Date of publication: 17. 11. 2025
Center for Astrophysics and Cosmology
Tuesday
9
December
Time:
14:00
Location:
Univerzitetno središče - Vipavska cesta 11c, Ajdovščina, amfiteaterska predavalnica, 1. nadstropje

Speaker: Kseniia Sysoliatina, Leibniz Institute for Astrophysics Potsdam, Germany

Title: Understanding the evolution of the Milky Way with the semi-analytic models

Abstract

Over the past several decades, our understanding of the processes driving the formation and evolution of galaxies has improved dramatically – largely thanks to such high- resolution numerical simulations as IllustrisTNG that model gravitational interactions, gas flows, and the complex interplay of star formation and feedback. However, such simulations remain extremely resource-intensive, making comprehensive exploration of parameter space challenging. Moreover, while they can reproduce Milky Way-like galaxies in a statistical sense, they cannot yet model our Galaxy in detail.
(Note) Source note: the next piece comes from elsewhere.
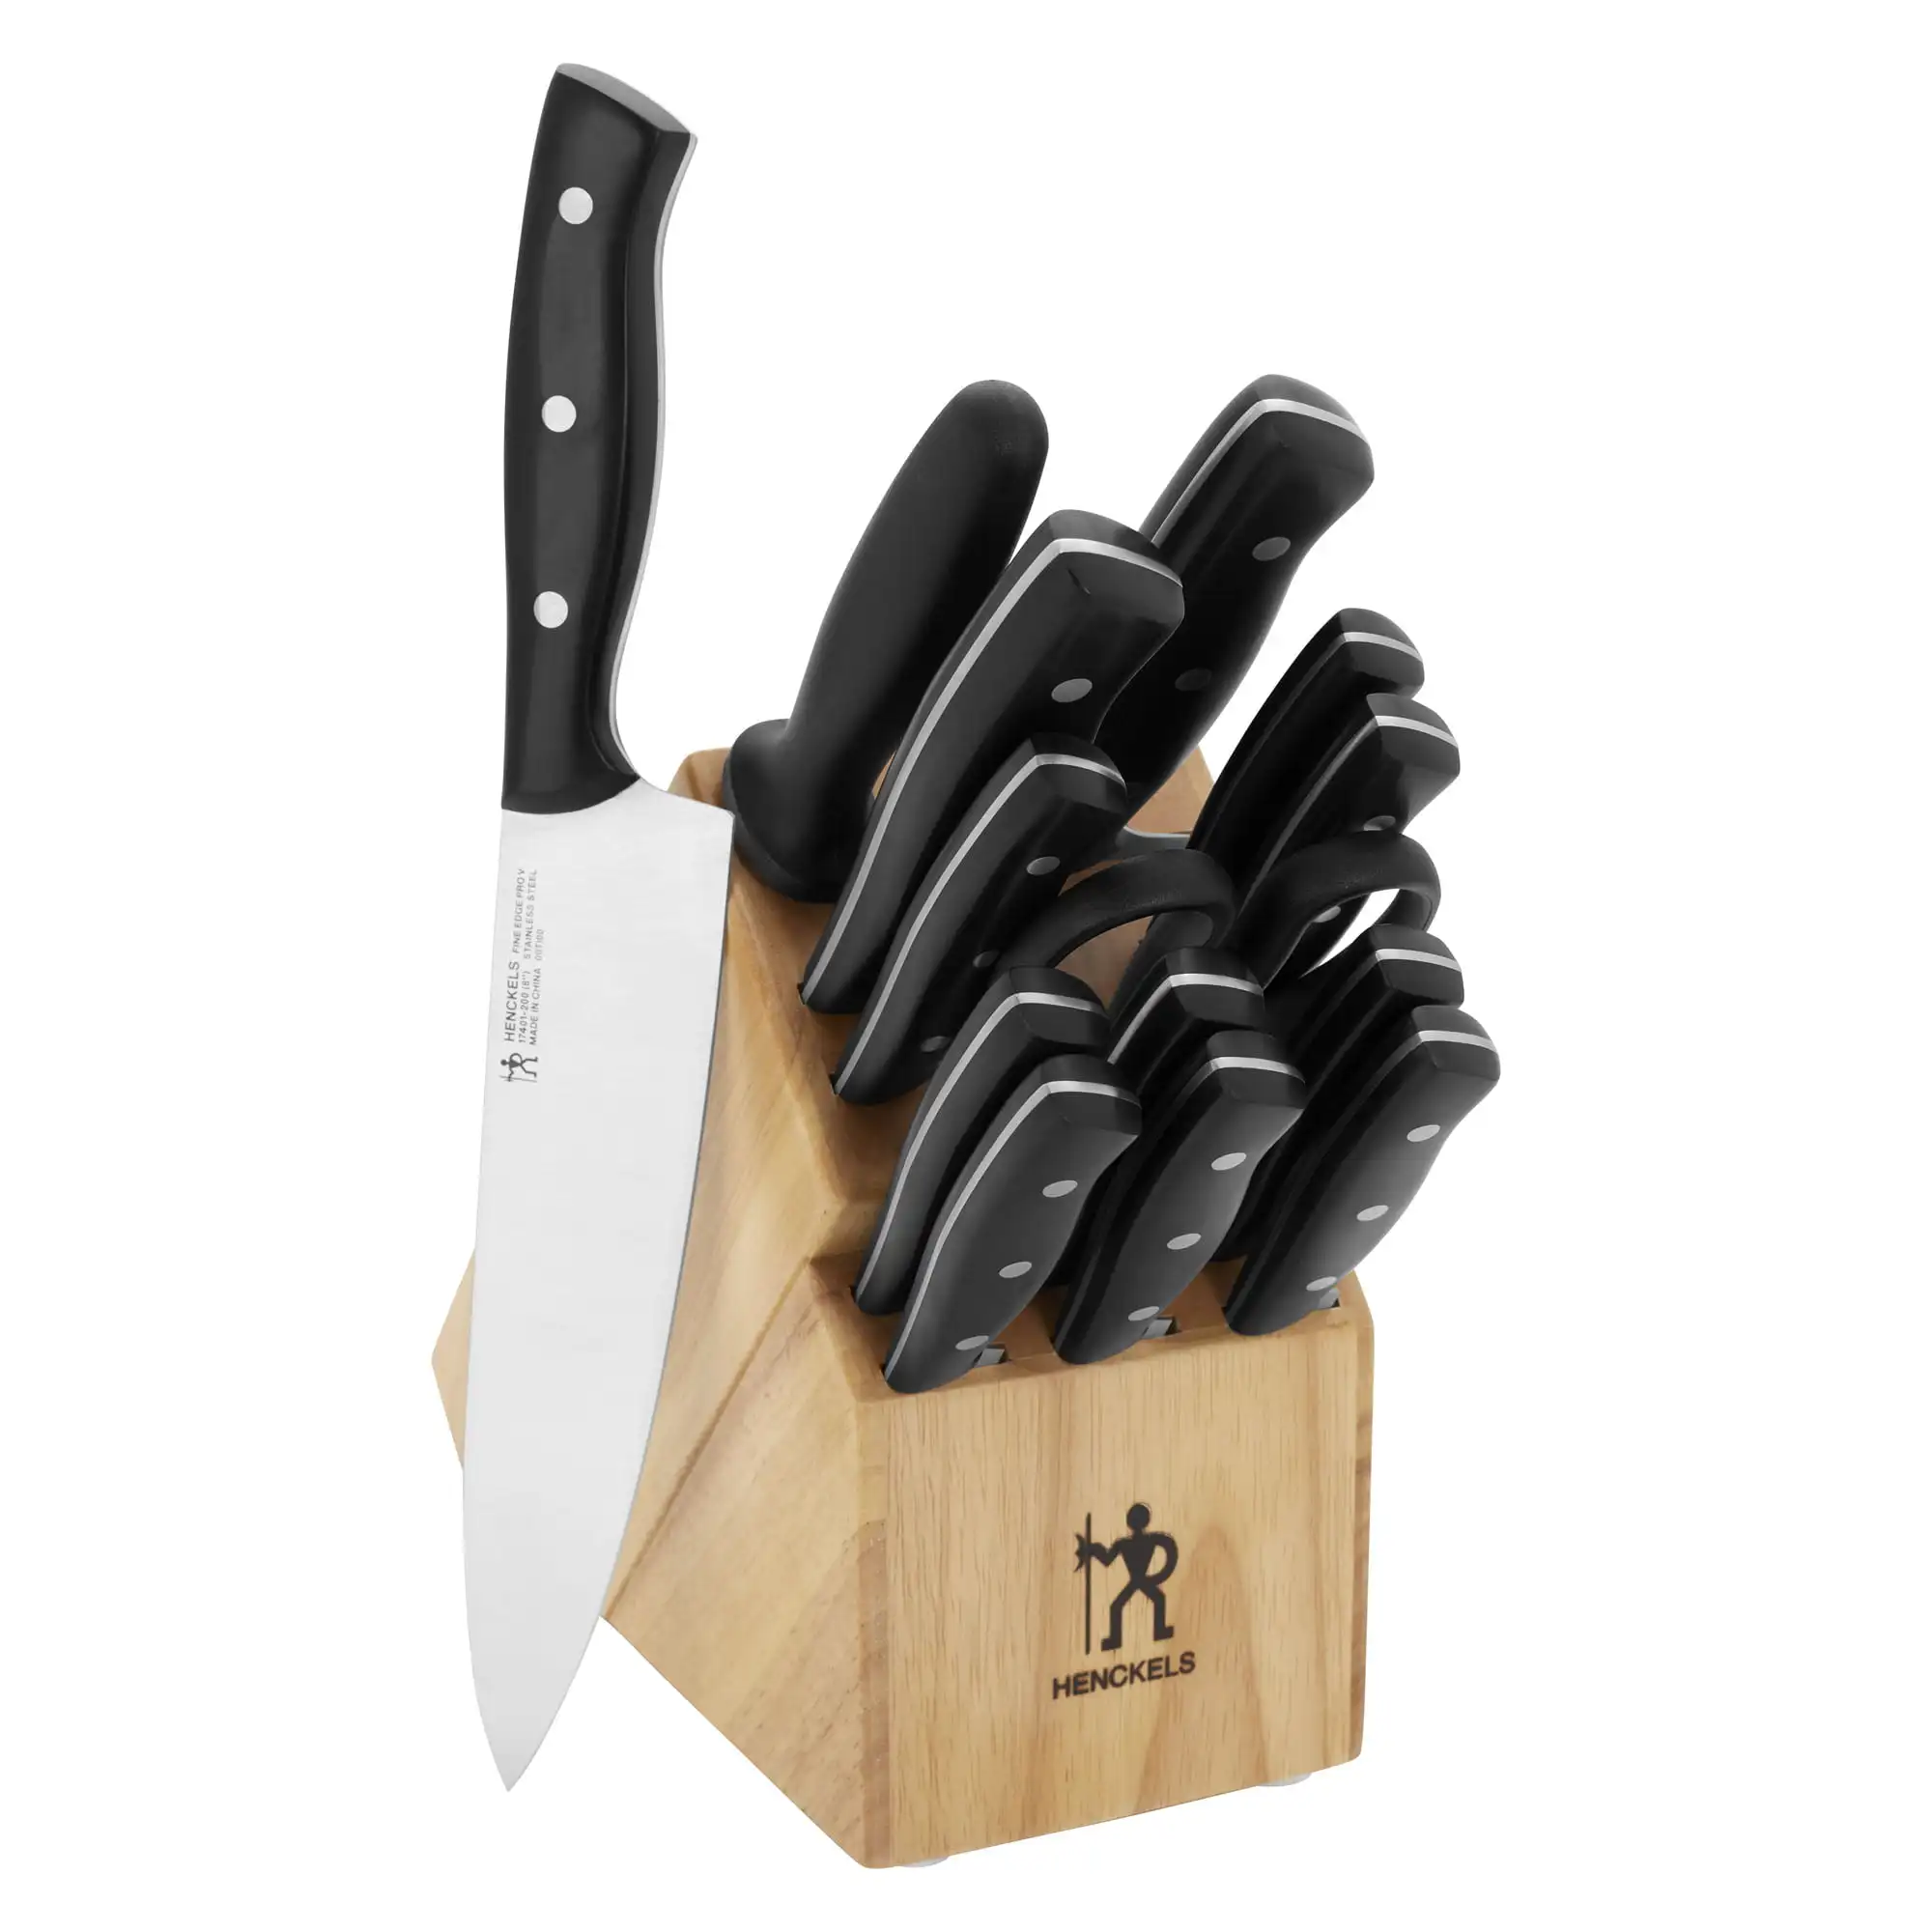 

Henckels Everpoint 15 PC Triple Rivet Stainless Steel Knife Block Setkitchen knives set , Knife holder

Semi-analytic modeling offers a powerful and efficient alternative approach, enabling the construction of a coherent and flexible picture of the Milky Way. In the era of extensive Galactic datasets such as Gaia, LAMOST, APOGEE, and the forthcoming 4MOST and LSST releases, developing robust and self-consistent models of the Galaxy has become more important than ever.

In this talk, I will introduce the theoretical foundations of Galactic modeling and highlight the key differences between numerical simulations and semi-analytic models (SAMs). I will review several of the most widely used SAMs, including the Besançon Galaxy Model, and demonstrate how their predictions can be used to constrain the Milky Way’s morphology, star formation and chemical enrichment histories, and the initial mass function. Finally, I will discuss the crucial role of understanding data selection functions, as well as potential biases and correlations between model parameters, when comparing synthetic stellar populations to observational data.